Le juge Dana rejette à nouveau le délégué du gouvernement et ne ferme pas la porte pour demander l'enquête de Mazón

Le juge Dana rejette à nouveau le délégué du gouvernement et ne ferme pas la porte pour demander l'enquête de Mazón

Nouveau refus de la direction pour tenter de prolonger à l'exécutif central la responsabilité de la plus grande tragédie que Valence a dévastée, la Dana qui a quitté 228 morts et un chemin de destruction en octobre dernier. Le juge qui enquête criminellement sur l'inondation, Nuria Ruiz Tobarra, rejette, encore une fois, pour imputer le délégué gouvernemental à Valence, le socialiste Pilar Bernabé, pour ne pas avoir demandé à l'exécutif la déclaration nationale d'urgence, selon une ordonnance notifiée lundi. Le magistrat ne ferme pas la porte de sa résolution pour lancer le mécanisme pour imputer le Carlos Mazón, qui, étant en Afrado, ne peut être enquêté que par la Cour supérieure de justice de Valence après l'exposition motivée de l'instructeur.

Pour argumenter sa décision de ne pas imputer le délégué du gouvernement, qui a déclaré comme témoin le 14 avril, le juge réitère que la responsabilité de la gestion de l'inondation était du Generalitat et que le « brevet d'inactivité » dans le DANA s'est produit dans le domaine régional. Il souligne également que les erreurs des jours qui ont suivi la journée Aciaga ne font pas partie des enquêtes. Et cadre dans la chaîne d'irrégularités après la chute froide « Devastation, le manque de ressources essentielles, la lumière, l'eau, le téléphone, le retard d'aide, les routes impraticables (…) ». L'exécutif autonome, dit Ruiz Tobarra, était responsable des mesures pour « protéger la population ».
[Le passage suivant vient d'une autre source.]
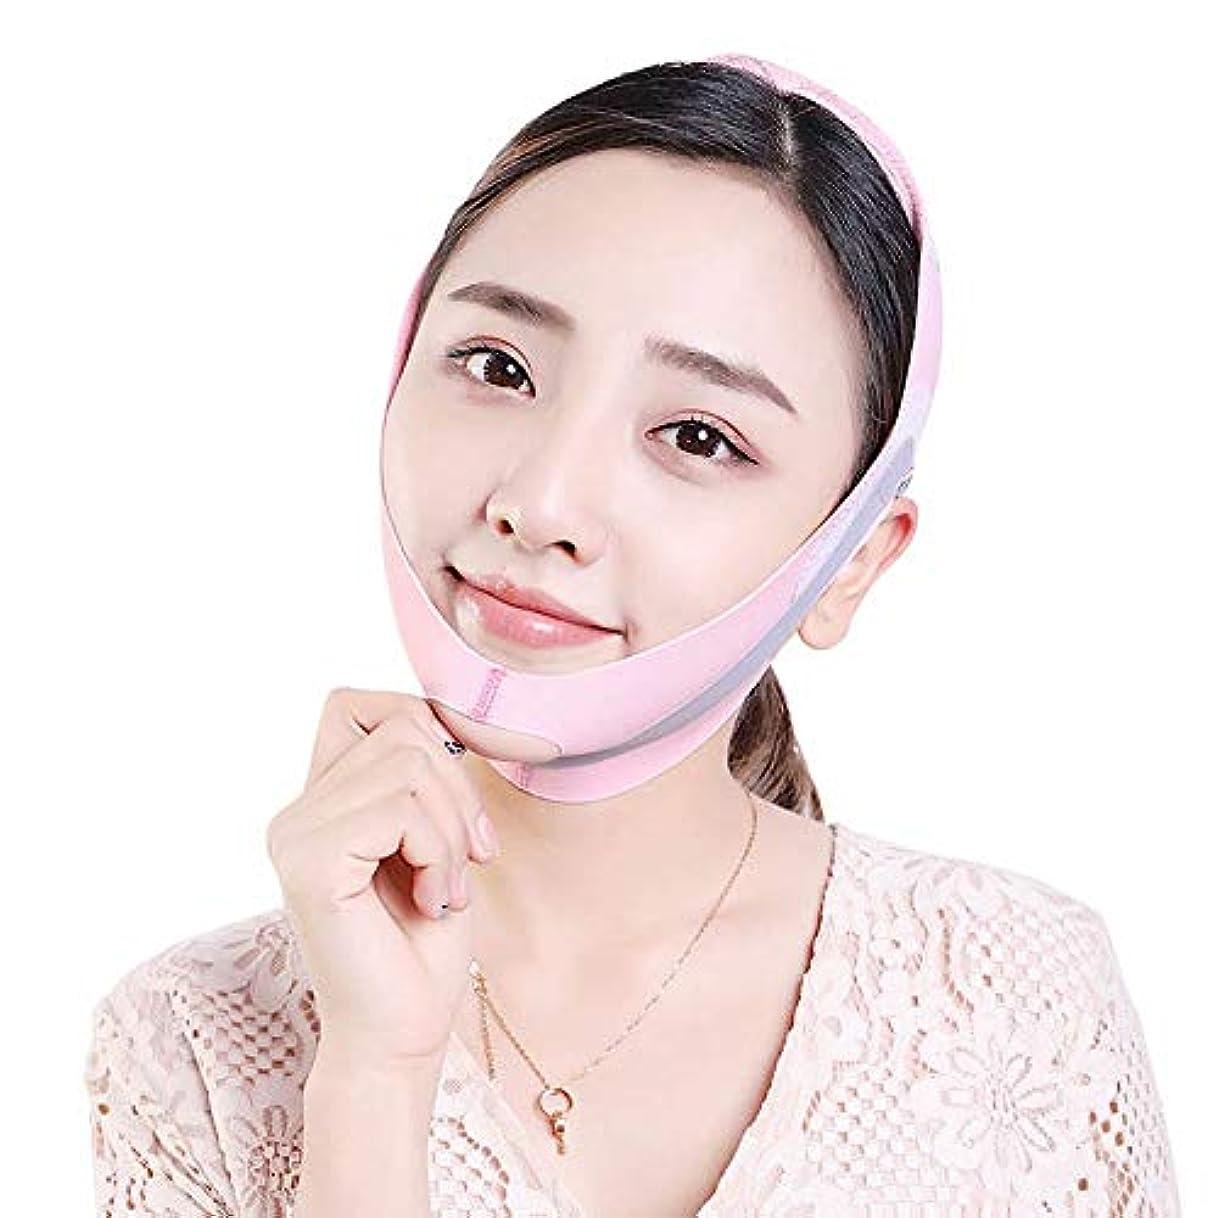 アソシエイト傀儡天窓Minmin たるみを防ぐために顔を持ち上げるために筋肉を引き締めるために二重あごのステッカーとラインを削除するために、顔を持ち上げるアーティファクト包帯があります - ピンク みんみんVラインフェイスマスク

Le magistrat soutient que le fait que Bernabé ne nécessite pas la déclaration nationale d'urgence n'implique pas sa responsabilité pénale. « Il n'a pas été déclaré par l'État, et il n'a pas été proposé par l'administration autonome Valencian, dont la recherche faisait partie (l'ancienne conseil de la justice et de l'intérieur Salome Pradas et son deuxième, Emilio Argüeso). » Le juge souligne que l'urgence nationale n'était pas exacte « pour alerter la population et que des mesures d'auto-protéction ont été adoptées ». Et met ainsi, encore une fois, dans l'épicentre des enquêtes, le retard du Generalitat dans l'envoi du message de masse à des mobiles, qui est arrivé à 20,11 heures, lorsqu'il y avait des dizaines de personnes tuées, disparues et piégées dans des étages et des garages bas.

Avec sa résolution lundi, le magistrat court-circuit, encore une fois, une autre tentative d'imputer Bernabé. Le magistrat a déjà refusé en février d'admettre une plainte de l'association ultra-catholique pour entendre qu'il a réclamé la citation comme enquêtant sur le délégué gouvernemental. Et rejeté la même demande de la Liberum Association, qui exerce l'accusation populaire. À cette occasion, la pétition est venue de l'accusation privée défendue par l'avocat Rubén Gisbert (163 000 abonnés en X et 695 000 sur YouTube). L'avocat est devenu célèbre après une vidéo d'un voisin de Catarroja qui a montré que Gisbert à genoux dans la boue a été diffusé pour avoir l'air plus sale avant un lien avec le programme Iker Jiménez. L'avocat est venu dire que dans le parking du centre commercial Bonaire de Aldaia (Valence), 700 billets de personnes qui ne sont pas partis. L'enceinte est gratuite, ne publie pas de billets et les équipes de sauvetage n'y ont pas trouvé le défunt.

Le magistrat refuse également de se référer pour l'instant une exposition raisonnée au Valencian TSJ pour demander l'imputation du Mazón susmentionné de ne pas avoir demandé la déclaration nationale d'urgence. Ruiz Tobarra justifie que l'enquête est vivante et que les procédures en attente se retrouvent. « L'instruction n'est pas épuisée », prévient-il. Et fait allusion à une voiture de décembre dernier dans laquelle il a expliqué les conditions de mise en œuvre de la procédure pour enquêter sur le. « La rémission (de la pétition au TSJ) sera effectuée si, épuisé l'instruction, il y a des indications solides contre la personne susmentionnée devant laquelle la plainte a été dirigée. Pour cela, toutes les procédures d'enquête nécessaire auront été pratiquées afin de permettre une décision plus fondée, non seulement sur le rationalité des indications de l'infraction criminelle, mais dont il peut y avoir une participation rationnelle.

Le juge a déjà mis sur la table la possibilité qu'il ait déclaré une enquête volontaire le 10 mars, lorsqu'il a inculpé Pradas et Argüeso. Une route que Mazón a rejeté.